ピア・ツー・ピア(PtoP)ファイル交換ソフトウエア「Kazaa」が著作権侵害にあたるとして,音楽業界が同ソフトウエアのベンダーであるオーストラリアのSharman Networksを相手取って起こしている訴訟の審理がオーストラリアのシドニー裁判所で行われている。Sharman社側の証人として法廷に立ったカリフォルニア大学バークレー校コンピュータ・サイエンスおよび情報管理学部教授のDoug Tygar氏は,「法的メカニズムだけでは,この問題は解決できない」と述べた。Sharman社がオーストラリアで12月10日に明らかにしたもの。

 同裁判所のWilcox判事は,「われわれは著作権保護されていないものを交換しているユーザーの権利を奪うつもりはない。しかし,そうとうな件数にのぼる著作権侵害行為を,撲滅することができないにしても,せめて減らしたいと考えている」と述べ,著作権を保護しつつ,PtoP技術を通じた情報交換を可能にする最善策について,Tygar氏に意見を求めた。

 Tygar氏は,「ユーザーの著作権侵害を防ぐ技術こそが,最良の方法を生み出す」と答え,著作権侵害行為の特定に役立つ技術として,デジタル著作権管理や電子透かしを挙げた。
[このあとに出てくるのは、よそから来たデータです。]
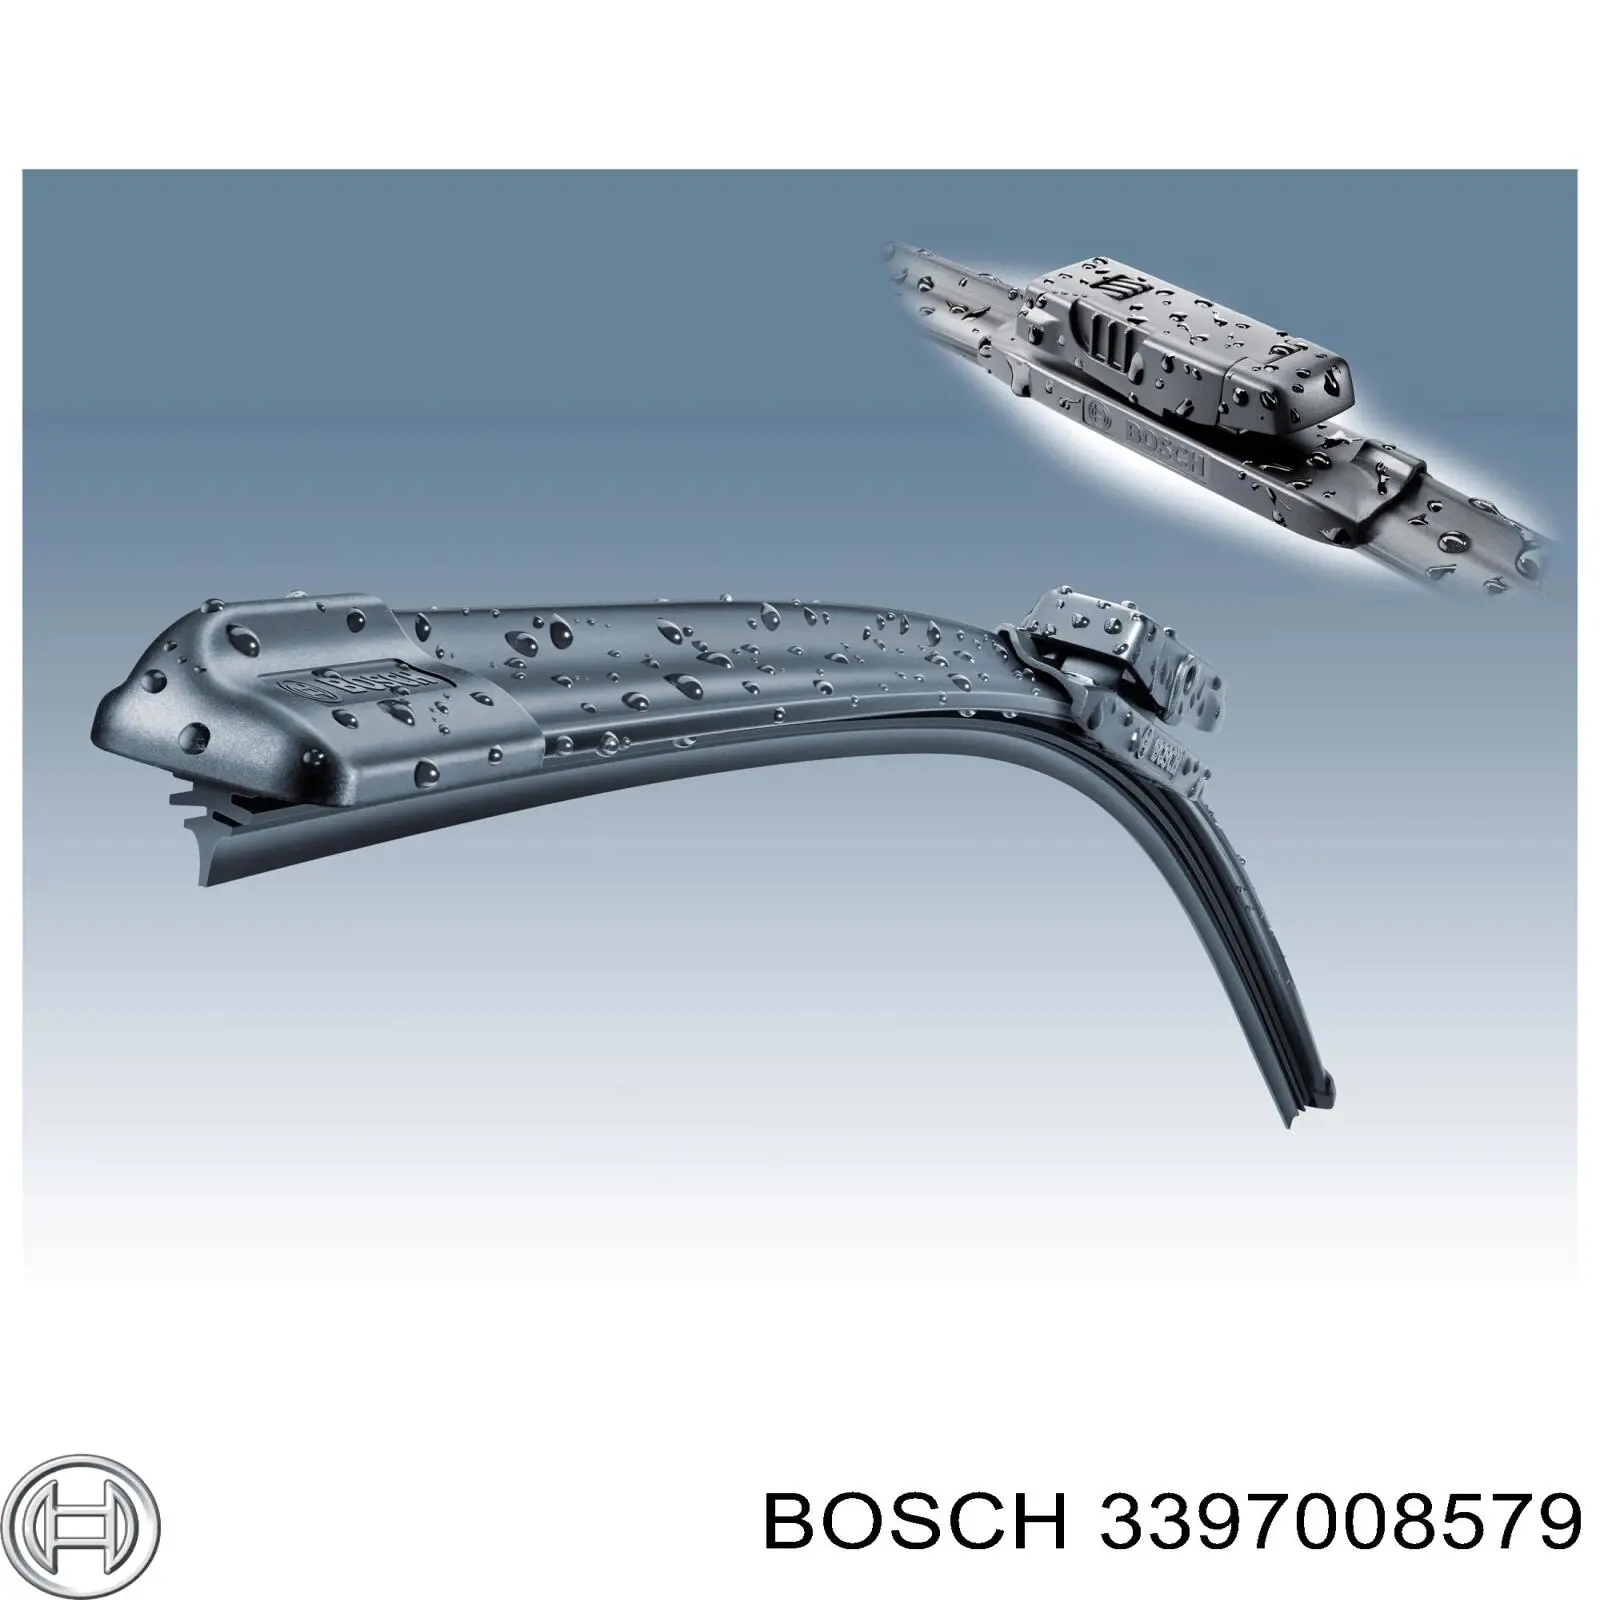 3397008579 Bosch limpiaparabrisas de luna delantera copiloto

同氏は,「どの手段で情報を社会に提供するかは,情報所有者あるいは情報伝達者が決めることだ。法律や裁判所の規制だけでは,十分な解決策にはならない。財産権と言論の自由はともに高く尊重されるべきものであり,バランスを保つことが必要だ」と述べた。

 さらに同氏は,ファイル交換ソフトウエアを使用したユーザーの著作権侵害行為をフィルタリングする効果的な手段はないとの考えを示し,「Kazaaには確かに中央サーバーが存在しなかった」と答えた。

 米メディアの報道(CNET News.com)によると,同氏は「Kazaaのシステムでは,ユーザーの居住国がアドレスに示される通りかどうかを確認することはできない。Kazaaが配信ネットワークに使用している米Akamaiの技術なら,KazaaのWebページにアクセスしたユーザーのIPアドレス・リストを作成することが可能だ。ただし,ユーザーがどのようなファイルを交換しているかについては,Akamai社でもわからない」と説明した。